А потом я лежала и задавалась вопросом: это попытка спасти свою шкуру или еще один способ потерять себя? А мой ум уже бежал впереди событий, и я представляла, что придется рано или поздно знакомиться с его семьей, с его дочерью. А потом обедать друг у друга, вместе путешествовать. А потом он заговорит о переезде ко мне и заполнит собой все пространство, которое принадлежало Кармел.
– Прости, – сказала я, садясь. – Но я думаю, что это не должно повториться.
– Все прекрасно, – ответил он. – Ничего не объясняй.
И я с облегчением снова уткнулась в сгиб его локтя, вдыхала запах его кожи, пока мы оба не заснули чудесным глубоким сном.
37
«Дорогая доченька»,
так начиналось письмо, которое пришло сегодня утром. Дедушка его распечатал до меня. Папа написал на компьютере:
«Я не могу приехать и забрать тебя. Мы с Люси собираемся пожениться. Я очень рад, что твой дедушка и Дороти согласились приютить тебя. Они позаботятся о тебе лучше, чем кто-либо. Я им полностью доверяю. Будь хорошей девочкой, слушайся их во всем…»
Ответа от Сары не было. Я думаю, что у нее появилась другая лучшая подруга. Наверное, Скарлетт.
Я скомкала письмо и пошла подальше от нашей стоянки, никому ничего не сказав. Я залезла на дерево, на котором не было листьев, и устроилась здесь, чтобы подумать наедине.
Это место, которое они называют «юг», на самом деле самое странное место на свете из всех, какие я видела. Внезапно налетают черные тучи посреди ярко-синего неба. С деревьев почти до земли свисают плети растений. Вокруг нашего лагеря сплошной песок и грязь. Я не понимаю, почему здесь такая жара, а раньше был такой холод. Почему там, откуда мы приехали, зима, а тут лето. Я вообще ничего не понимаю. По ночам так душно, что мы спим без одеял. Иногда по воскресеньям мы бываем в церквях, где все раскачиваются и кричат. Иногда дедушка устраивает церковь в фургоне и заставляет нас стоять на коленях, пока сам читает Библию. Мне кажется, что такая церковь ему нравится больше всего.

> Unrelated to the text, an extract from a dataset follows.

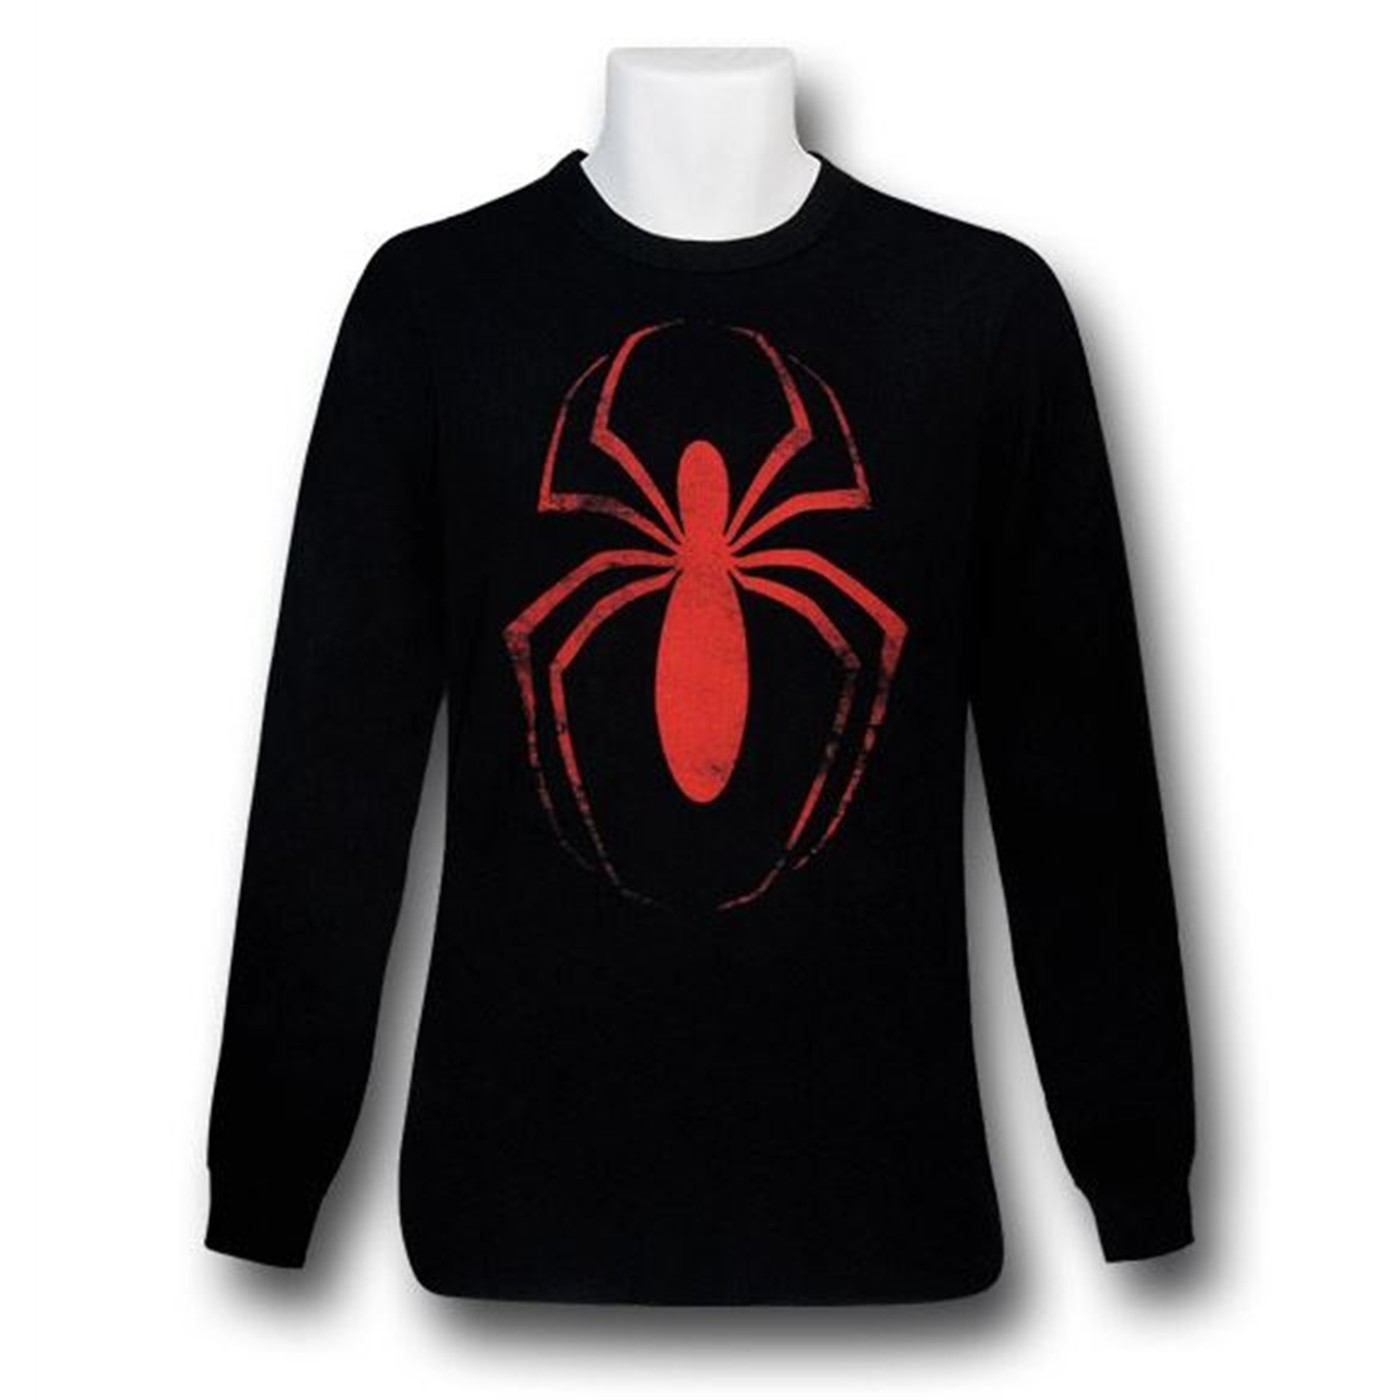 Spiderman Black Thermal Long Sleeve T-Shirt

Дедушка говорит, что Бог вокруг нас. Правда ли это? Мне почудилось однажды, что я вижу его краешком глаза, но это оказалась дедушкина тень на траве. Я смотрю в небо, и мне ужасно, ужасно хочется, чтобы Бог был там. Я знаю, что должна верить дедушке. А если не верю – значит, я дурная девочка? Я тяну руку как можно выше к небу, как будто могу коснуться пятки Бога и убедиться, что он там.
– Кто ты такой? Кто ты такой? – обращаюсь я к небу. – Покажи мне, что ты правда есть. Если что-нибудь сейчас произойдет, я поверю в тебя, обещаю.
Проходит много времени, но ничего не происходит. Насекомые тут и там, а я сижу под жарким синим небом и жду. На песке под деревом загогулинами я написала «Кармел», как будто змея проползла и оставила эти буквы.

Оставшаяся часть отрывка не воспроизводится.